[The Lancashire Witches by William Harrison Ainsworth]@TWC D-Link book
The Lancashire Witches

CHAPTER II
2/13

By this time, the royalist soldiers were close at hand, and the features of their two leaders, John Braddyll and Richard Assheton, could be plainly distinguished, and their voices heard.
"'Tis he! 'tis the rebel abbot!" vociferated Braddyll, pressing forward.
"We were not misinformed.

He has been watching by the beacon.

The devil has delivered him into our hands." "Ho! ho!" laughed Demdike.
"Abbot no longer--'tis the Earl of Poverty you mean," responded Assheton.

"The villain shall be gibbeted on the spot where he has fired the beacon, as a warning to all traitors." "Ha, heretics!--ha, blasphemers!--I can at least avenge myself upon you," cried Paslew, striking spurs into his charger.

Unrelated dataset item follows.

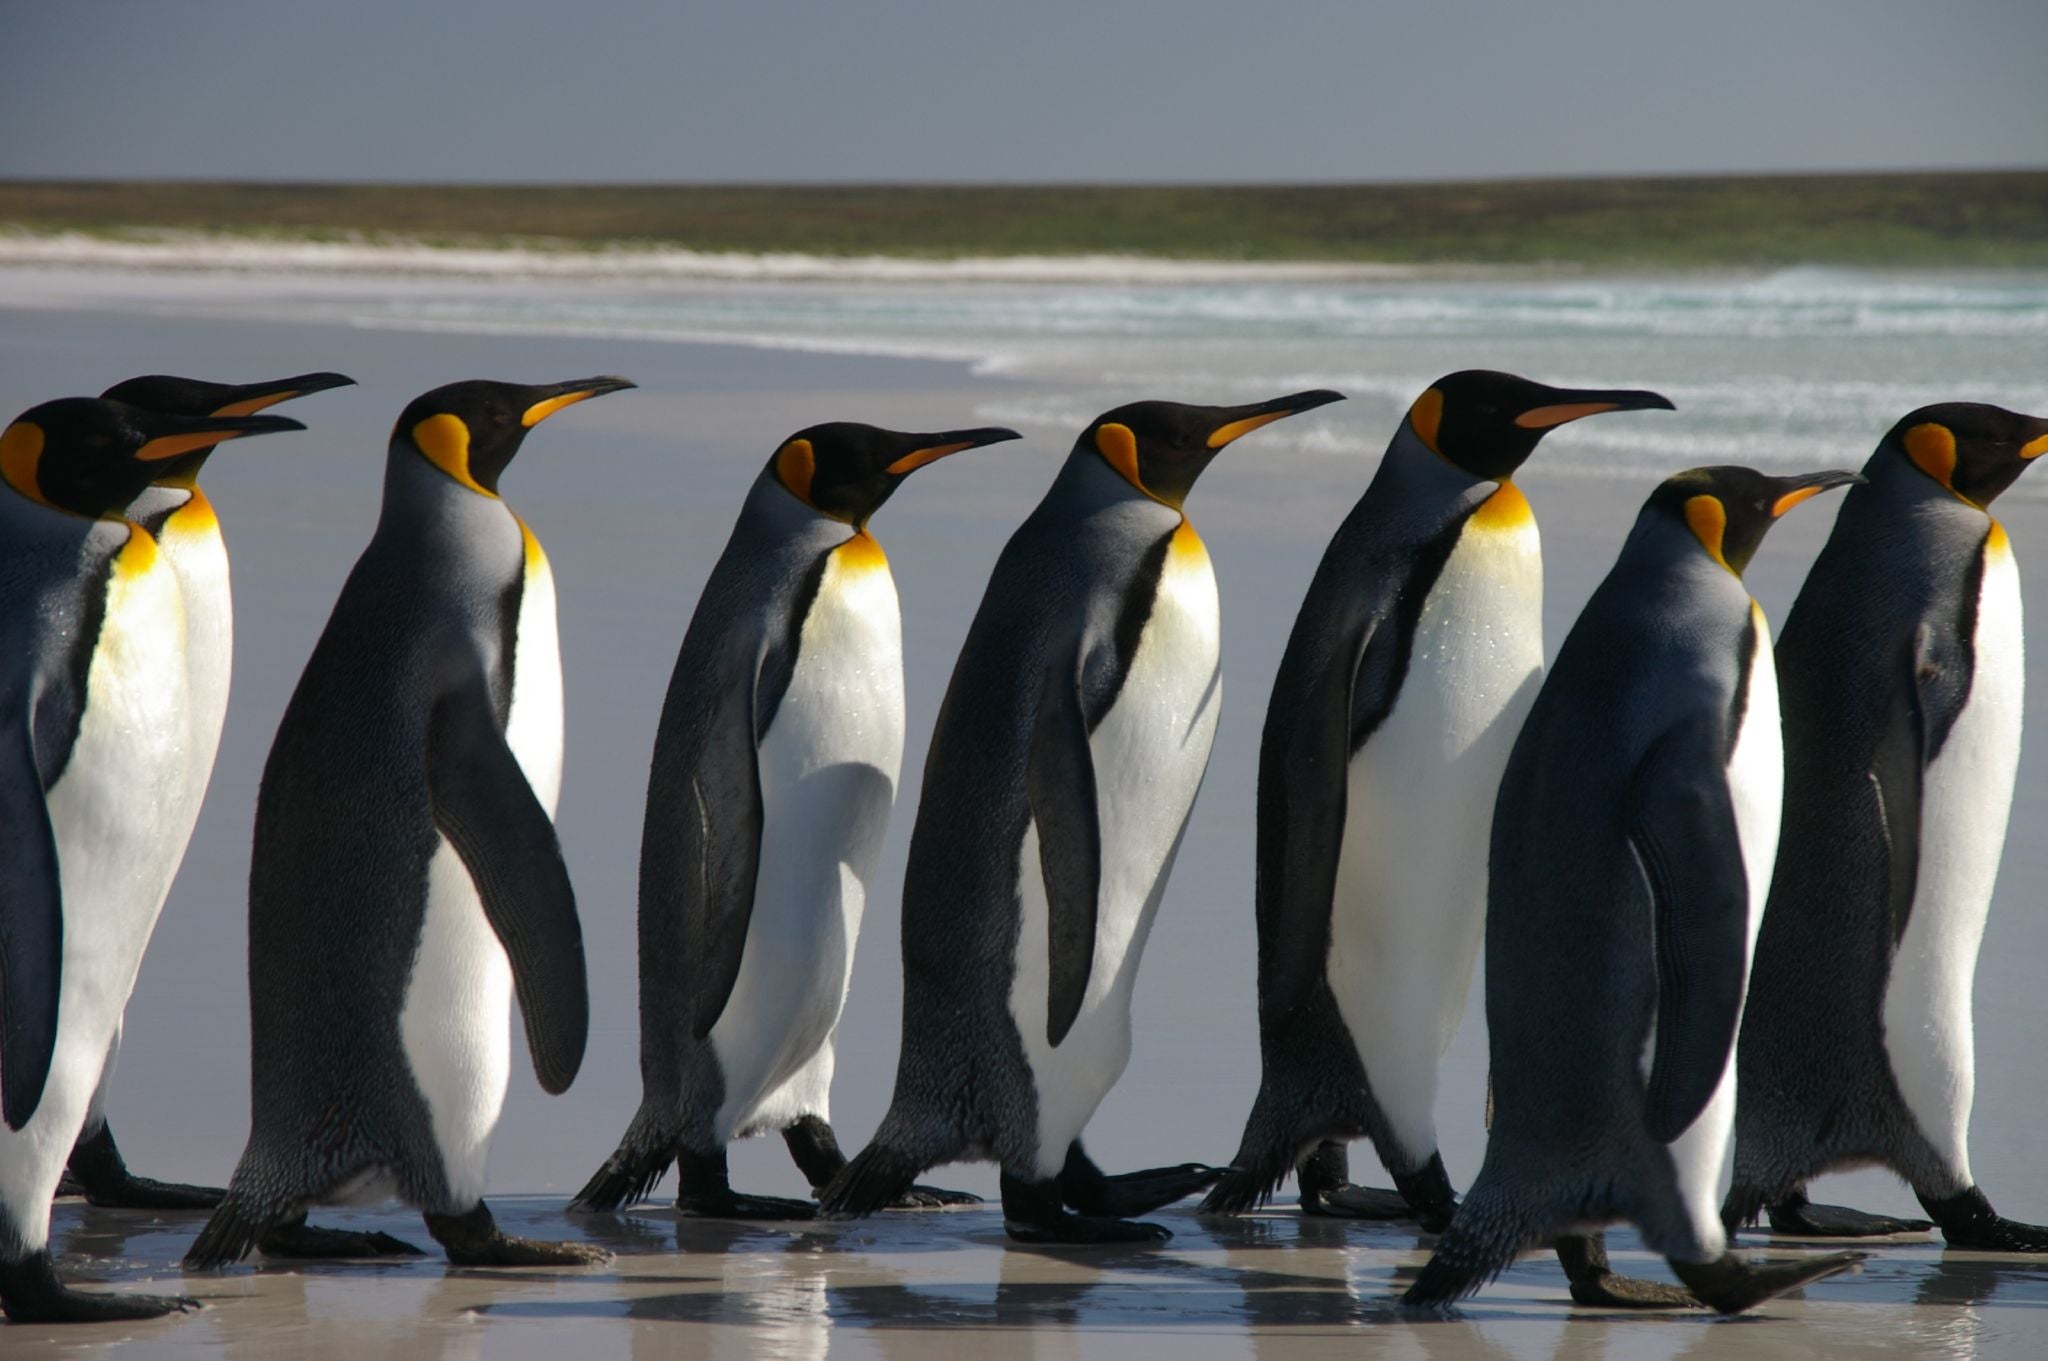 Smart cars and penguins: more alike than you'd think

But ere he could execute his purpose, Demdike had sprung backward, and, catching the bridle, restrained the animal by a powerful effort.
"Hold!" he cried, in a voice of thunder, "or you will share their fate." As the words were uttered, a dull, booming, subterranean sound was heard, and instantly afterwards, with a crash like thunder, the whole of the green circle beneath slipped off, and from a yawning rent under it burst forth with irresistible fury, a thick inky-coloured torrent, which, rising almost breast high, fell upon the devoted royalist soldiers, who were advancing right in its course.